Нам, конечно же, интересно знать, где побывал Пушкин, находясь в наших краях, что увидел в тогдашнем Горячеводском поселении и его окрестностях. Для этого следует пройти его путями. Единственная дорога, на Воды из крепости Святого Георгия (ныне город Георгиевск) шла по левому берегу Подкумка, то вблизи русла реки, то отдаляясь от него, если на пути встречались препятствия. Одно из них в виде нагромождения скал ожидало путешественников у южной подошвы Машука. Позднее, по указанию генерала Ермолова, путь среди этих скал был расчищен. Но, пока это не было сделано, всем, направлявшимся на Воды, приходилось делать порядочный крюк, огибая гору с севера. Россияне, направлявшиеся на Воды, вынуждены были двигаться мимо двух небольших соленых озер, направляясь к перемычке, соединяющей Машук и Бештау, Только преодолев ее, они могли вновь спуститься в долину Подкумка. Здесь древняя дорога раздваивалась. Основная ее ветвь, ведущая в Константиногорскую крепость и далее, на Кислые Воды, возвращалась к реке. Другая, так сказать, местного значения, поворачивала к источникам горы Горячей. Она в дальнейшем сделалась главной магистралью нарождавшегося города, а ее ответвления — удобными путями к источникам Горячей горы.

Место, где должен был родиться Пятигорск, удобным не назовешь. Кругом разной крутизны склоны и скаты, овраги и обрывы, которые приходилось одолевать, и не без труда, первым посетителям Вод. Самое большое препятствие на пути к минеральным источникам и первым ваннам представляли склоны горы Горячей. Даже сегодня, при наличии вполне благоустроенных подходов, чтобы подняться на ее вершину, требуются определенные усилия. А каково же было делать это в ту пору, когда там не существовало ни лестниц, ни дорог, ни даже мало-мальски удобных тропинок.

Люди, приехавшие пользоваться ими, купались в примитивном, выбитом прямо в скалах, бассейне, над которым не было даже навеса, защищающего от дождя и палящих солнечных лучей. Стараниями командира егерского полка, стоявшего в Константиногорской крепости, генерала Лихачева, был сделан первый шаг к обустройству будущего курорта — егеря соорудили над бассейном примитивную купальню и проложили к ней деревянную лестницу. Ее можно увидеть на акварели художника Е. Корнеева, сделанной в 1803 году. Изображенная на ней Горячеводская долина еще пустынна, лишь кое-где стоят жалкие мазанки и кибитки, а лестница на гору Горячую уже есть! Но, конечно, она не могла удовлетворить ни больных, ни администрацию курорта. И потому, как только появилась некая сумма, пожертвованная Кавказским Водам в благодарность за исцеление астраханским купцом Федоровым, ее использовали для устройства удобных путей на вершину горы Горячей. В 1814 году, появилось первое шоссе на Горячую гору. На его строительстве использовали пленных поляков, воевавших в армии Наполеона и сосланных за это на Кавказ. Поначалу этот путь играл очень важную роль, поскольку он давал единственную возможность подъехать к ваннам в экипаже, а это было крайне необходимо людям пожилым, ослабленным, скрученным ревматизмом или страдающим от тяжелых ран. Но к моменту приезда Раевских с Пушкиным появилась еще одна экипажная дорога наверх.

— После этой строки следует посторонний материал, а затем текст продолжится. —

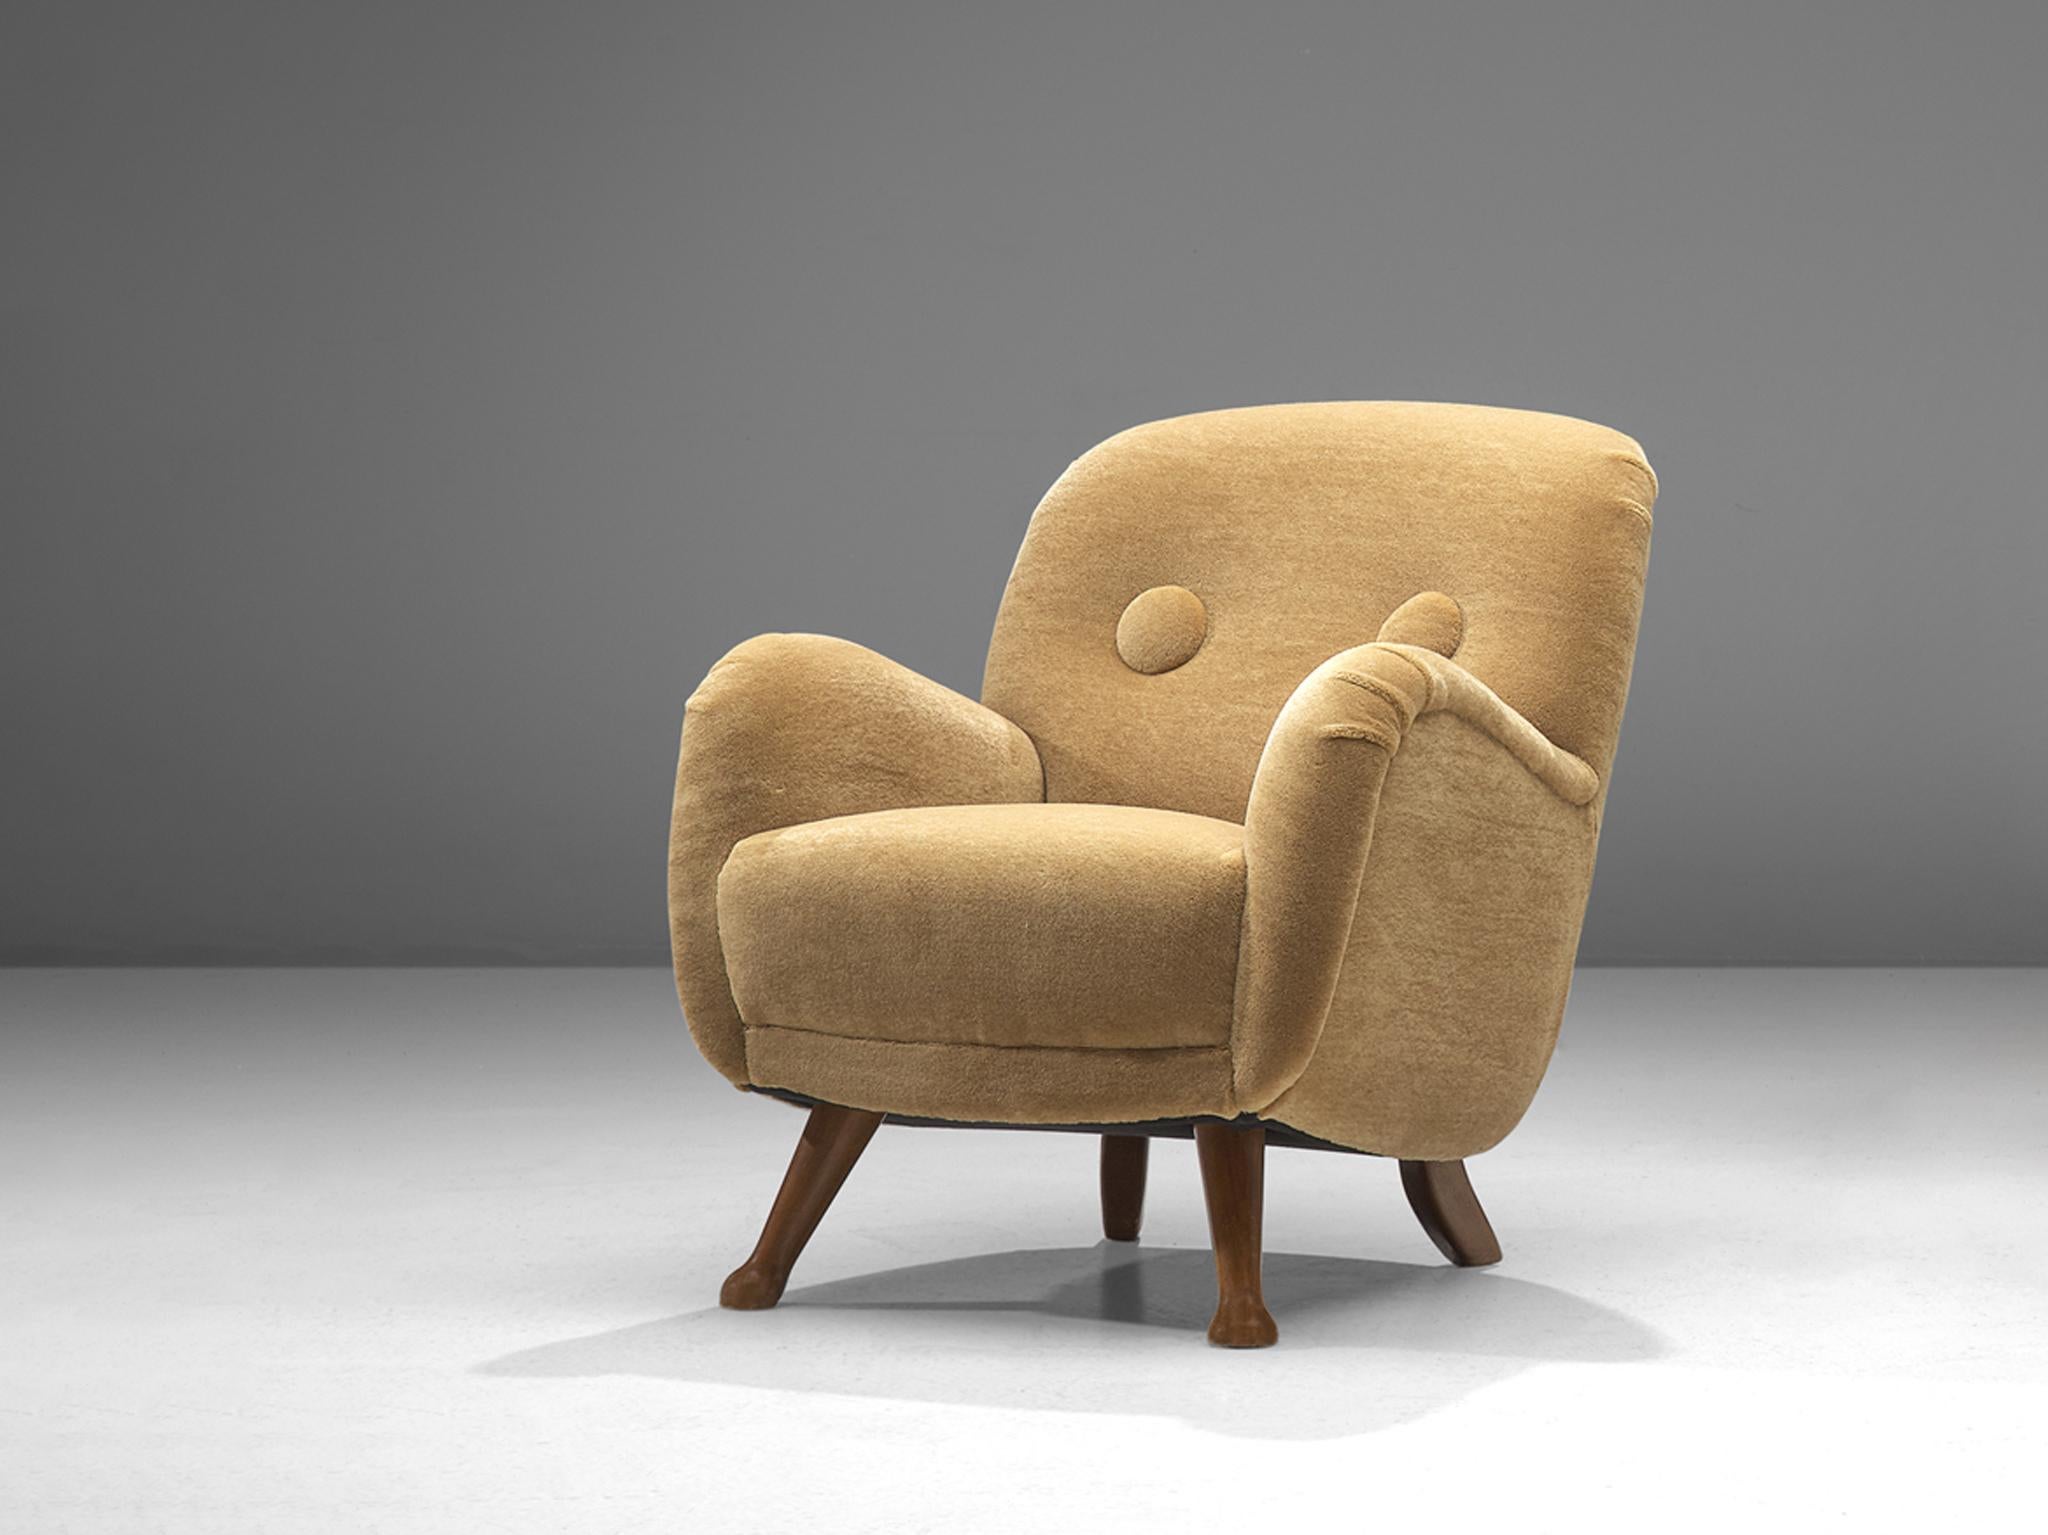 Beeche, fauteuil, tissu beige teddy, hêtre, Danemark, années 1940.

Ce fauteuil audacieux et incurvé repose sur une construction solide avec une touche de tendresse grâce à la texture douce du tissu teddy. L'ensemble de la coquille est légèrement

В 1819 году генерал Ермолов приказал сломать ветхие избушки-купальни на вершине горы Горячей и построить на ее уступе новое купальное заведение. И в том же году оно появилось. Названные в честь генерала Ермоловскими, ванны эти были по тем временам достаточно комфортабельными и довольно красивыми — с колоннами и башенкой-бельведером на крыше. Неудивительно, что большинство курортной публики предпочитало принимать процедуры там — до тех пор, пока у подножья горы не было построено каменное здание Николаевских ванн. Посещали Ермоловские ванны и Раевские с Пушкиным. По поводу ванных зданий генерал писал: «Ванны старые… ни вида, ни выгод не имеют, новые же представляют и то, и другое, возможную чистоту и опрятность. Вид из оных наиприятнейший на Бештову гору».

К Ермоловским ваннам больные поднимались по удобному шоссе, проложенному одновременно со строительством здания и хорошо приспособленному для проезда экипажей. Но, надо полагать, что Пушкин транспортом не пользовался — по обоим шоссе ходил пешком, чтобы полюбоваться открывающейся оттуда панорамой Кавказских гор. Правда, в западной части горы ничего интересного не было — кроме доживавших свой век старых купален там стояло лишь простенькое деревянное здание так называемой Оборонительной казармы, в которой тогда размещались солдаты военно-рабочей команды.

А вот восточная часть горы, хотя и оставалась в то время не обустроенной, радовала романтическую душу поэта именно своей дикостью — голыми скалами, кое-где поросшими чахлым кустарником, «крутыми каменными тропинками», о которых он вспоминал девять лет спустя. Там имелось несколько выходов минеральной воды, в частности, открытый доктором Гаазом Елизаветинский «кислосерный» источник. Он представлял собой обыкновенный колодец, откуда черпать воду приходилось «ковшиком из коры или дном разбитой бутылки», как писал Александр Сергеевич.

Через эту местность пролегал путь к знаменитому Провалу, который привлекал всех приезжих своим загадочным жерлом. Добираться до него приходилось пешком, поскольку вела к нему «узкая тропинка между кустарников и скал», как сообщил об этом позднее М.Ю.Лермонтов. Надо полагать, в пушкинские времена тропинка уже существовала, и, говоря о «неогороженных пропастях», поэт имел в виду именно Провал.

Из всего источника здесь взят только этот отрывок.